Write the code for K-means clustering and give it a try. Let's do it. Please refer to this article for a detailed explanation of the specifications of K-means clustering. please look. This time, let's divide the students into three groups.

import numpy as np
from sklearn.cluster import KMeans

#Give students' national, math, and English scores as an array
features = np.array([
        [  80,  85, 100 ],
        [  96, 100, 100 ],
        [  54,  83,  98 ],
        [  80,  98,  98 ],
        [  90,  92,  91 ],
        [  84,  78,  82 ],
        [  79, 100,  96 ],
        [  88,  92,  92 ],
        [  98,  73,  72 ],
        [  75,  84,  85 ],
        [  92, 100,  96 ],
        [  96,  92,  90 ],
        [  99,  76,  91 ],
        [  75,  82,  88 ],
        [  90,  94,  94 ],
        [  54,  84,  87 ],
        [  92,  89,  62 ],
        [  88,  94,  97 ],
        [  42,  99,  80 ],
        [  70,  98,  70 ],
        [  94,  78,  83 ],
        [  52,  73,  87 ],
        [  94,  88,  72 ],
        [  70,  73,  80 ],
        [  95,  84,  90 ],
        [  95,  88,  84 ],
        [  75,  97,  89 ],
        [  49,  81,  86 ],
        [  83,  72,  80 ],
        [  75,  73,  88 ],
        [  79,  82,  76 ],
        [ 100,  77,  89 ],
        [  88,  63,  79 ],
        [ 100,  50,  86 ],
        [  55,  96,  84 ],
        [  92,  74,  77 ],
        [  97,  50,  73 ],
        ])

# K-means clustering
#In this example, it is divided into three groups(Let 10 be the random number seed for Mersenne Twister)
kmeans_model = KMeans(n_clusters=3, random_state=10).fit(features)

#Get the label that was classified
labels = kmeans_model.labels_

#label(Team), Grades, and total score of 3 subjects
for label, feature in zip(labels, features):
    print(label, feature, feature.sum())
#=>
# 2 [ 80  85 100] 265
# 2 [ 96 100 100] 296
# 0 [54 83 98] 235
# 2 [80 98 98] 276
# 2 [90 92 91] 273
# 1 [84 78 82] 244
# 2 [ 79 100  96] 275
# 2 [88 92 92] 272
# 1 [98 73 72] 243
# 2 [75 84 85] 244
# 2 [ 92 100  96] 288
# 2 [96 92 90] 278
# 1 [99 76 91] 266
# 2 [75 82 88] 245
# 2 [90 94 94] 278
# 0 [54 84 87] 225
# 1 [92 89 62] 243
# 2 [88 94 97] 279
# 0 [42 99 80] 221
# 0 [70 98 70] 238
# 1 [94 78 83] 255
# 0 [52 73 87] 212
# 1 [94 88 72] 254
# 1 [70 73 80] 223
# 2 [95 84 90] 269
# 2 [95 88 84] 267
# 2 [75 97 89] 261
# 0 [49 81 86] 216
# 1 [83 72 80] 235
# 1 [75 73 88] 236
# 1 [79 82 76] 237
# 1 [100  77  89] 266
# 1 [88 63 79] 230
# 1 [100  50  86] 236
# 0 [55 96 84] 235
# 1 [92 74 77] 243
# 1 [97 50 73] 220

By the way, it seems that they have been safely divided into three groups.

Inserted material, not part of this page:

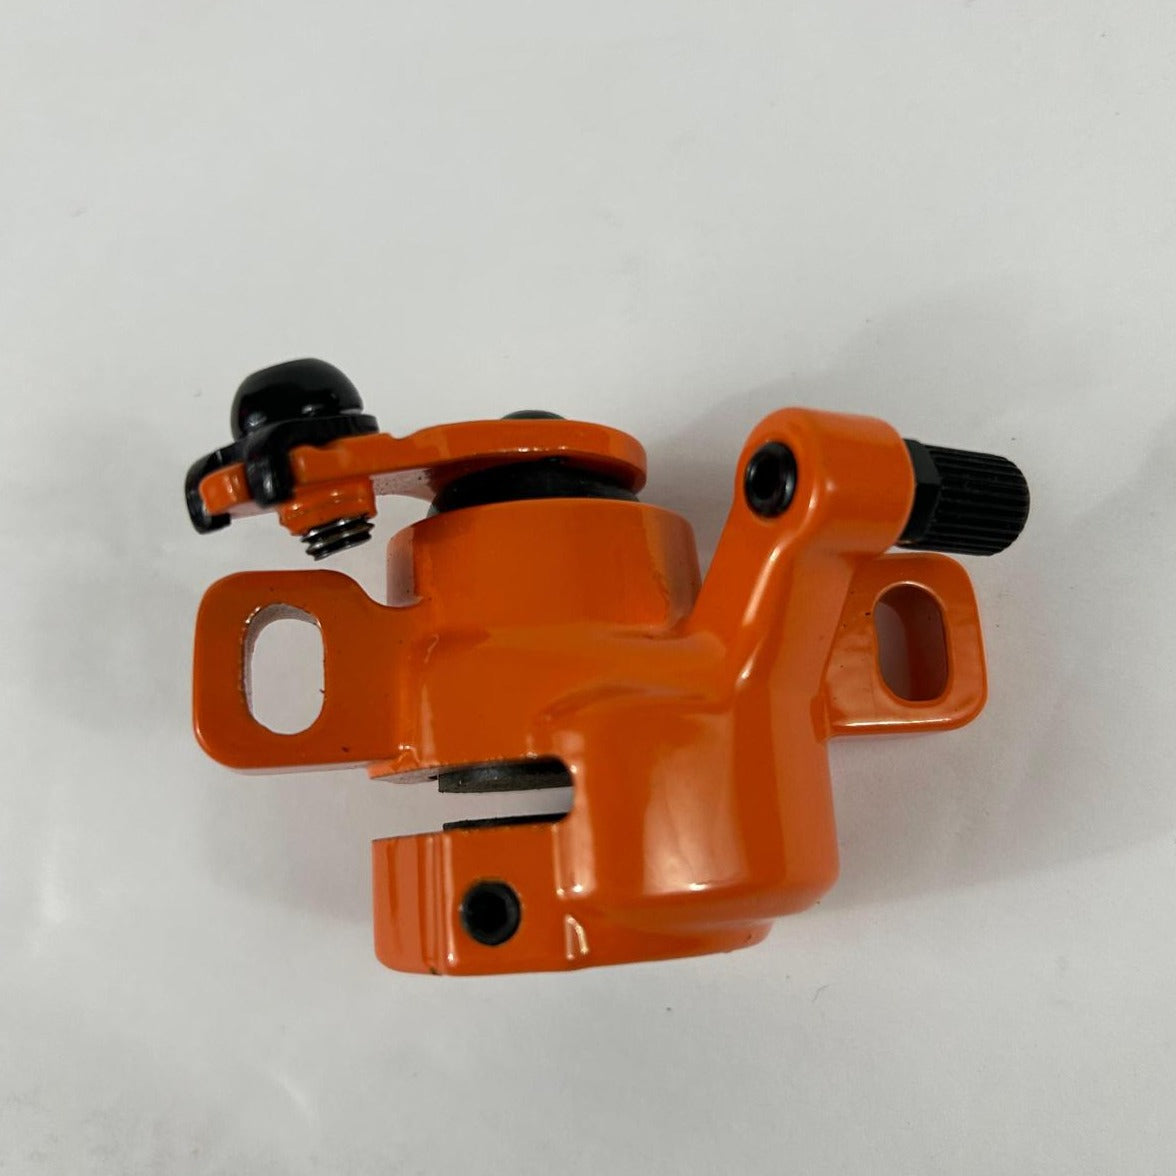 Disk Brake Block for Ninebot Segway Kick Scooter Model F (Orange)

Let's scrutinize the contents. First, the students with a label of 2 are a relatively good group with high scores. Next, looking at the students with the label 1, there are some students who are good at only the national language and students who are not so good at other than the national language, although they are in the middle. Apparently, it seems to be a group of students who are close to humanities. Students with a label of 0 at the end are categorized as students with slightly lower grades overall or who are good at math.

Summary

In this way, instead of dividing into three groups from the top of the total score, we were able to divide into groups according to the tendency of each student.

Even in a real problem, clustering analysis can be performed by selecting the features well and drawing a vector of numerical values in this way.

With scikit-learn, K-means clustering itself can be done in just one line, so you can feel the powerful power of machine learning libraries.